Here is where Gray’s analysis strikes a nerve for us Christians: just as mainstream atheism is a mirror reflecting trending cultural values and expectations, so too is evangelicalism, whenever Christianity is centered around popular values in our cultural climate (e.g. “Look at how great things turned out for me since I was converted!”). In both popular atheism and popular Christianity (and almost everything in between), the happiness of man is the ultimate end of our endeavors, regardless if science or Scripture might say otherwise.
Now the shoe is on the other foot
For Christians looking at the Bible, various results of salvation seem to pop up: treasure in heaven, peace and intimacy with God, freedom from the power of sin, and more. Happiness also is part of the package: “Happy are those who hunger and thirst for righteousness for they will be satisfied.” But while the Bible categorizes our contentment and peace of mind as a byproduct of faith, evangelicals have often elevated it to the prime-product, the ultimate motivation by which all else must be tested. The verse now reads, “Happy are those who hunger and thirst for happiness!” So God is obeyed because He makes us happy. God is worshipped because He has kept us from unhappiness. Some fire-and-brimstone types might replace ‘unhappiness’ with ‘hell’ – but don’t be fooled, it’s the same argument. The nuance is only one of style.

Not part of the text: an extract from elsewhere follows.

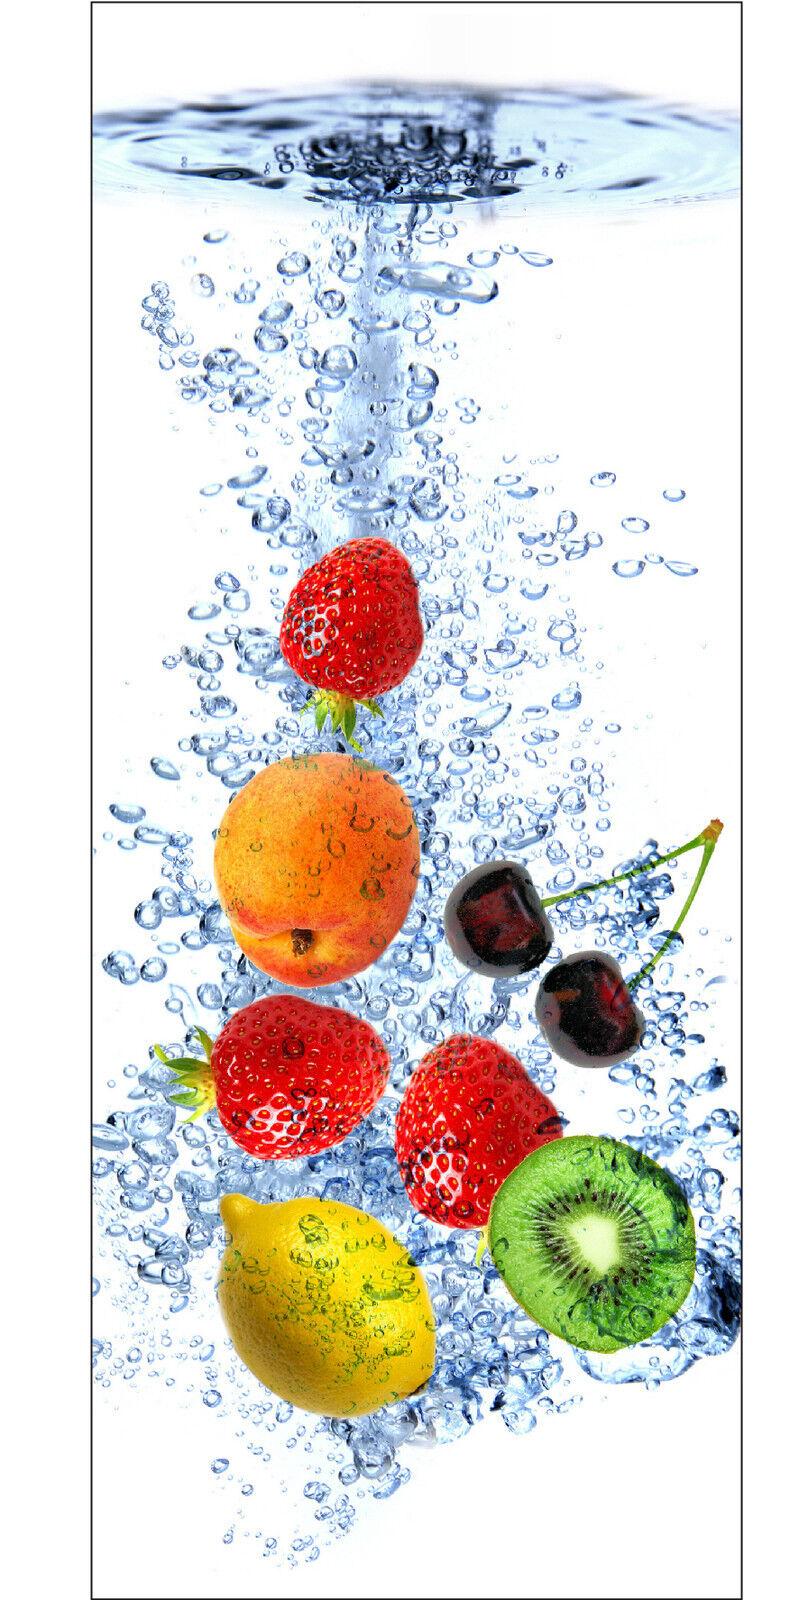 Plakat Plakat Tür Deko Schein Auge Früchte Ref 727 - 4 Größe

If indeed, modern evangelicalism has made the happiness of man the ultimate goal of Christianity, and God is but the means to that end, then it too, like modern atheism, has essentially been swept up in the currents of our culture. We have used the Bible to elevate a biblical value to an unbiblical level, or as J.I. Packer said, “Our business is to present the Christian faith clothed in modern terms, not to propagate modern thought clothed in Christian terms. Confusion here is fatal.”
Man’s happiness is not the chief end of God, and neither should it be the Christian’s chief end. We don’t exalt God so that He might exalt us, but merely because God is worth our love. “If you go to God to make your life better, you’re not going to a God, you’re going to a butler” as author Timothy Keller puts it. The Bible presents salvation ultimately for the glory of God, not man’s, happiness. That’s why Christ’s synopsis of Paul’s conversion in the Book of Acts is so shocking to us: “I will show him how much he must suffer for the sake of my name.” Jesus Christ saves people not to help them in their (very Americanized) pursuit of happiness, but to demonstrate His worthiness through their salvation. If flourishing happens to be part of the package, praise God for that, too!

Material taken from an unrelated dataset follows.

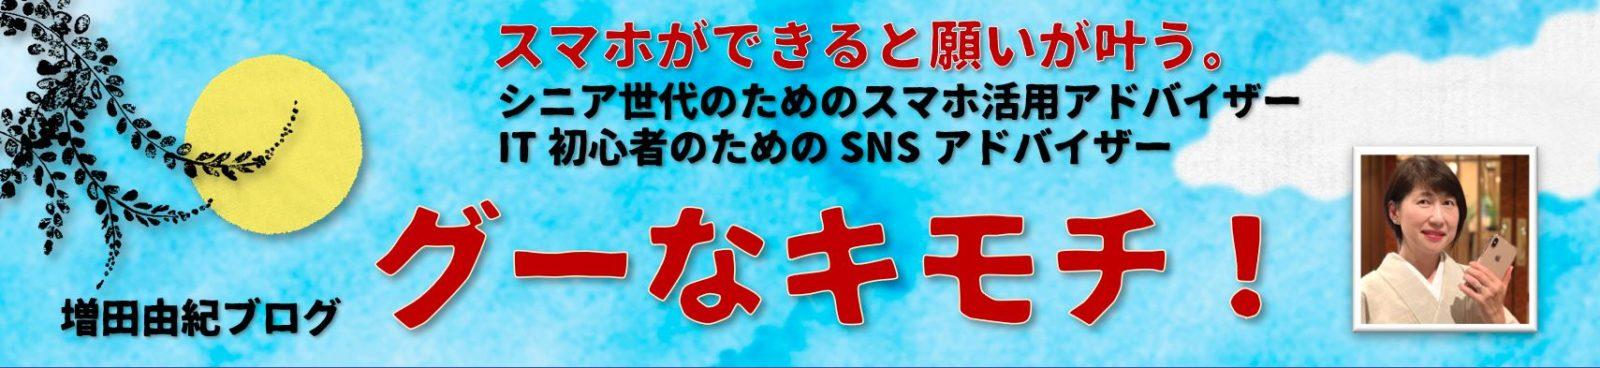 スマホ活用アドバイザー増田由紀ブログ「グーなキモチ!」

Nobody suffers for things they consider cheap. It’s easy to see how much a man values his career, family, savings, or reputation when he goes to extravagant lengths and experiences incredible pain to preserve them. Likewise, a Christian who endures sorrow upon sorrow to stay faithful to God shows that her delight is not in her own personal flourishing, but in knowing God in all his glory and value.
When evangelicals embrace this, our culture will begin to see that believers and nonbelievers are not merely hiking in different boots on their way to the same mountaintop, but are actually climbing two very different mountains. Then the question won’t be who will make it all the way to the top, but which mountain is worth the climb?